Андрюс смотрит в окно. По двору и впрямь бежит Тересе. Тот же ватник, тот же платок.

«Тьфу! Дурак!» — Андрюс ругает себя, что дал волю мыслям. Встает, нахлобучивает фуражку. И вдруг свирепеет. Не могла вовремя прийти? Где это видано!.. Дребезжат старинные часы, вздрагивают всеми своими железными потрохами и принимаются отбивать время.

Она застывает на пороге, приваливается плечом к косяку и глазеет на него.

— Андрюс! — подбегает, утыкается ему в грудь. — Андрюс…

Она трясется, как осиновый лист, крепко вцепившись в отвороты Андрюсова пиджака. Андрюс берет ее за плечи, хочет оторвать от себя, но Тересе прячет лицо у него на груди, не дается.

— Андрюс, Андрюс…

— У тебя не все дома, Тересе? Что такое, отвечай?

Она плачет, плечи вздрагивают.

— Тересе… Ну, знаешь…

Андрюс усаживает Тересе и осматривается, словно ищет помощи. Слезы он ненавидит и не умеет утешать. Ребенку пригрозил бы ремнем. А тут…

— Ну кончай, будет…

— Приснилось… — шепчет Тересе. — Такой страшный сон приснился…

— Да ты и впрямь спятила…

— Такой сон… Ты не знаешь. Ты ничего не знаешь, Андрюс!

— Так говори.

— Будто… будто они тебя… увели и застрелили.

Андрюс смеется.

— Ты не смейся. Не смейся, Андрюс!..

— Прикажешь верить в сны?

Тересе поднимает глаза. Глаза большие, полные слез. И такие… Андрюс никогда не видел, чтоб ее глаза были такие — усталые, с набрякшими веками, синими кругами.

— Только из-за сна так?…

— Нет, нет, Андрюс… Мне снилось, но это не все… Ты не понимаешь, они могут прийти. Придут ночью… Может, даже сегодня… И как Аксомайтиса…

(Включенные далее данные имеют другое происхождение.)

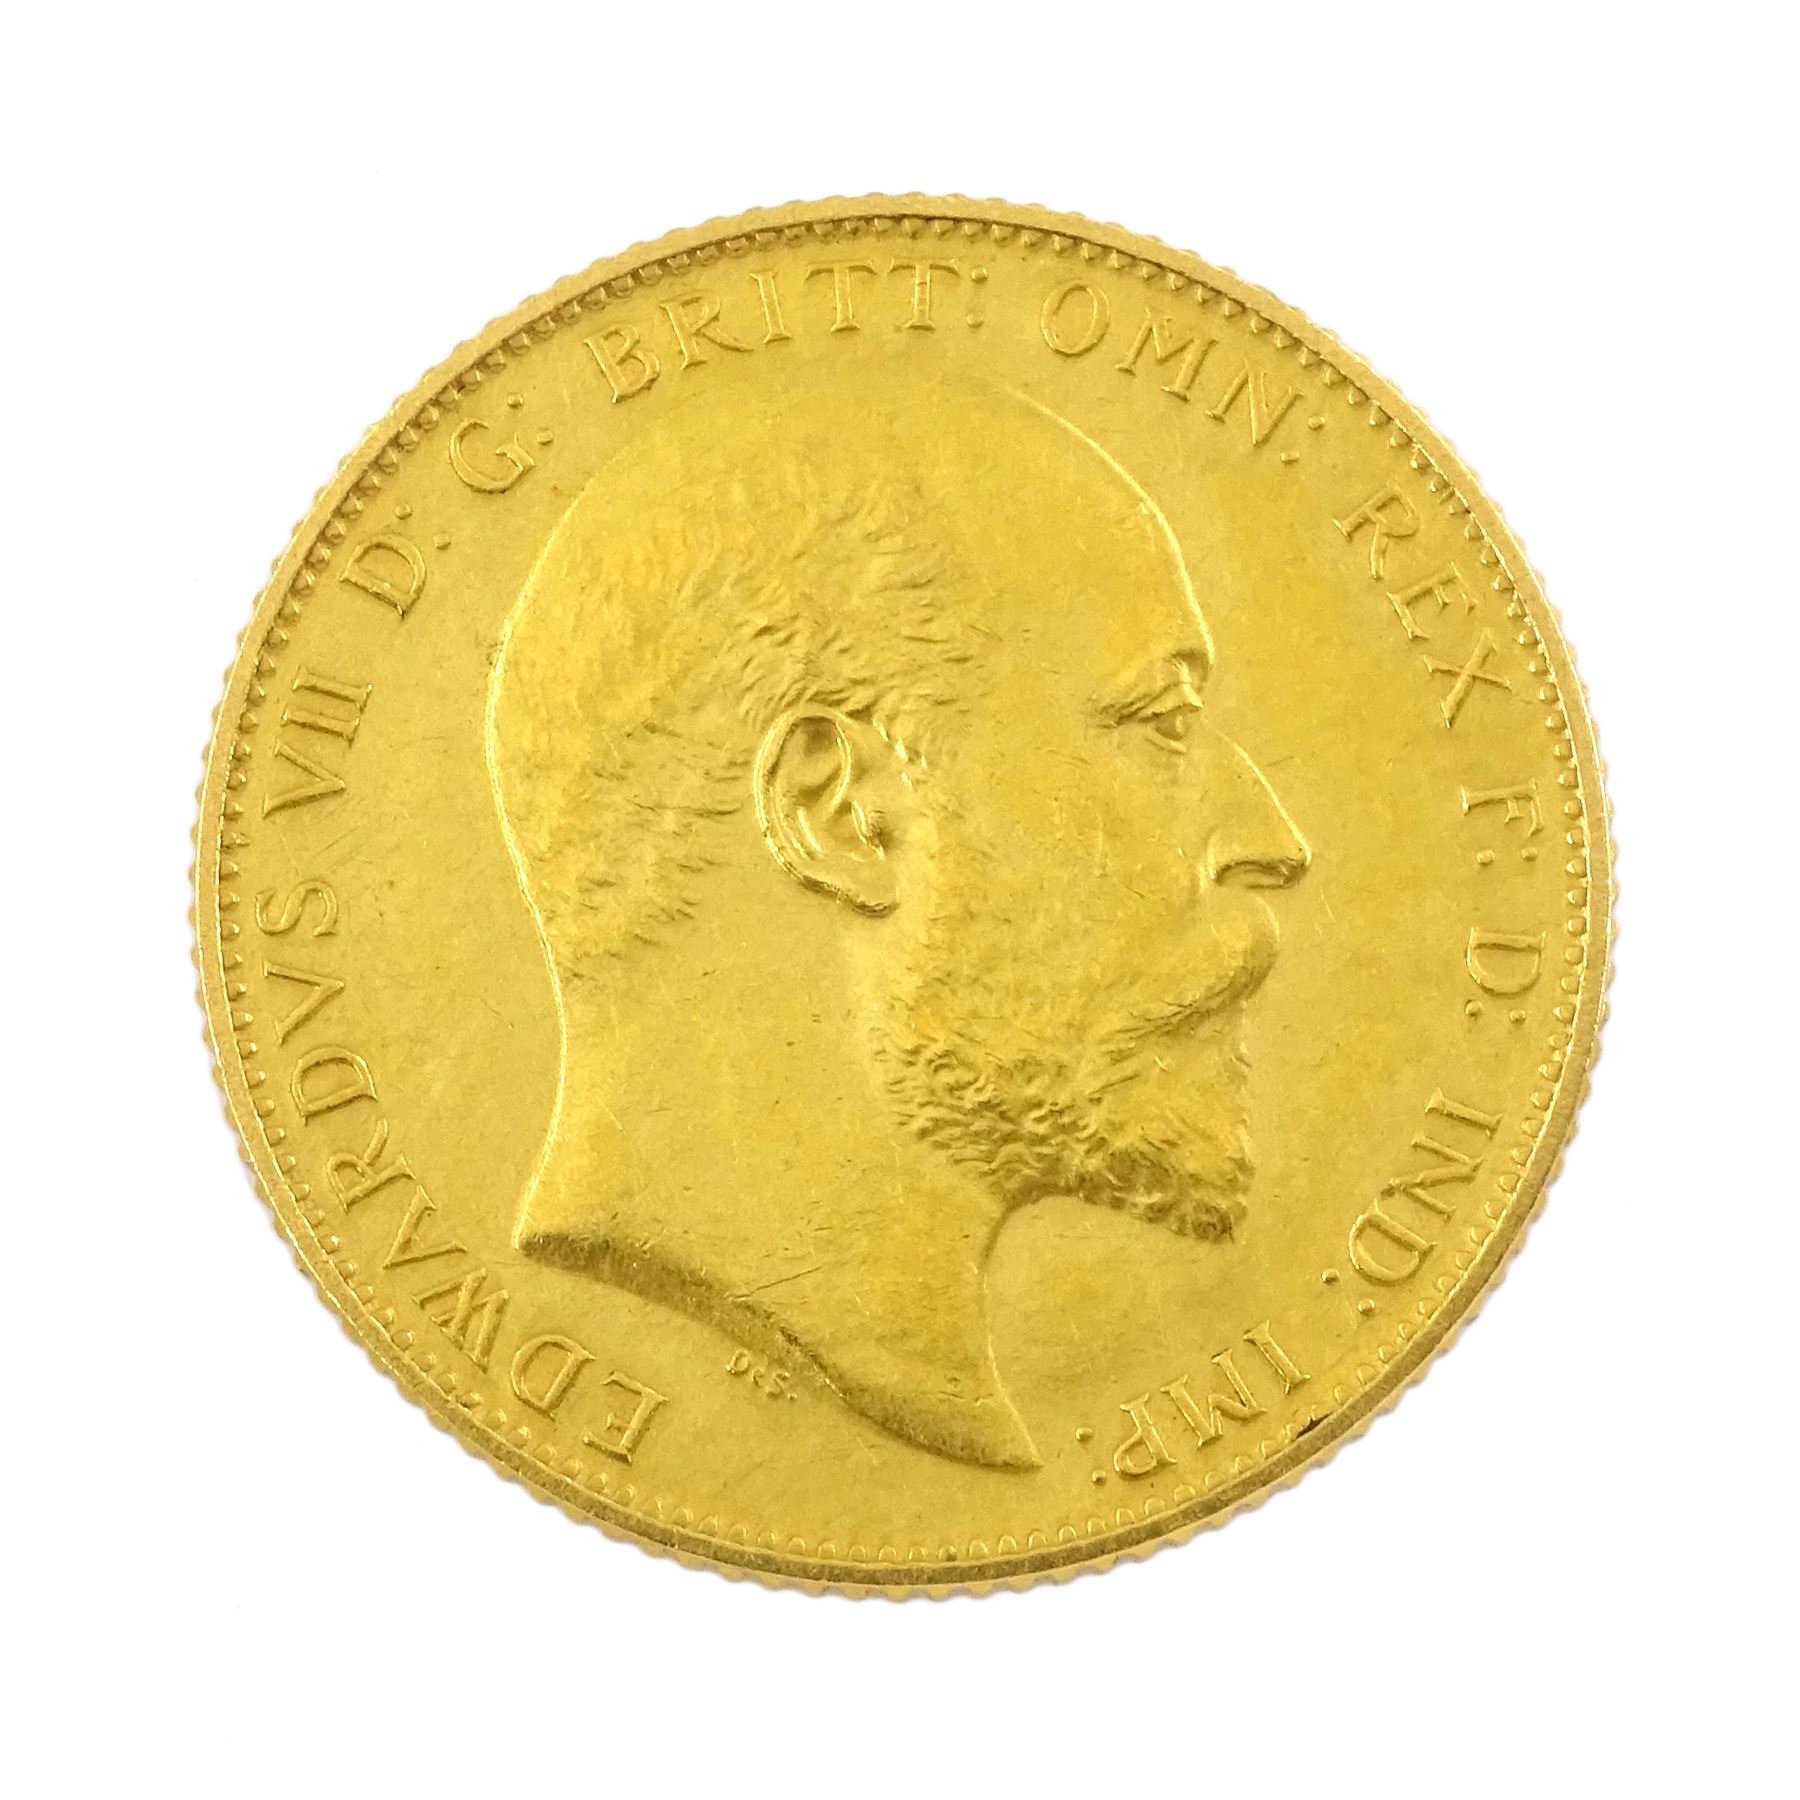 King Edward VII 1902 matt proof short coin set - Image 4 of 26

Стряхнув руки Тересе, Андрюс скручивает цигарку. Листок рвется, желтая табачная труха сыплется на пол. Он долго скручивает цигарку. Закуривает. Глубоко затягивается горьким дымом.

— Они придут, Андрюс. Ночью придут.

— Только не потому, что тебе снилось, — пытается он пошутить, но лишь мучительно кривит губы.

— Снилось… Сам ведь знаешь, что творится. Знаешь, и побереги себя, Андрюс.

Андрюс кашляет, подавившись дымом, словно не прожеванным куском, швыряет на пол цигарку, растирает каблуком. Встает, странно, как будто руки у него связаны, поводит плечами и говорит:

— Коровы не доены.

— Андрюс…

— Сброшу с садки сноп гороха, намолочу. Сваришь с мясом.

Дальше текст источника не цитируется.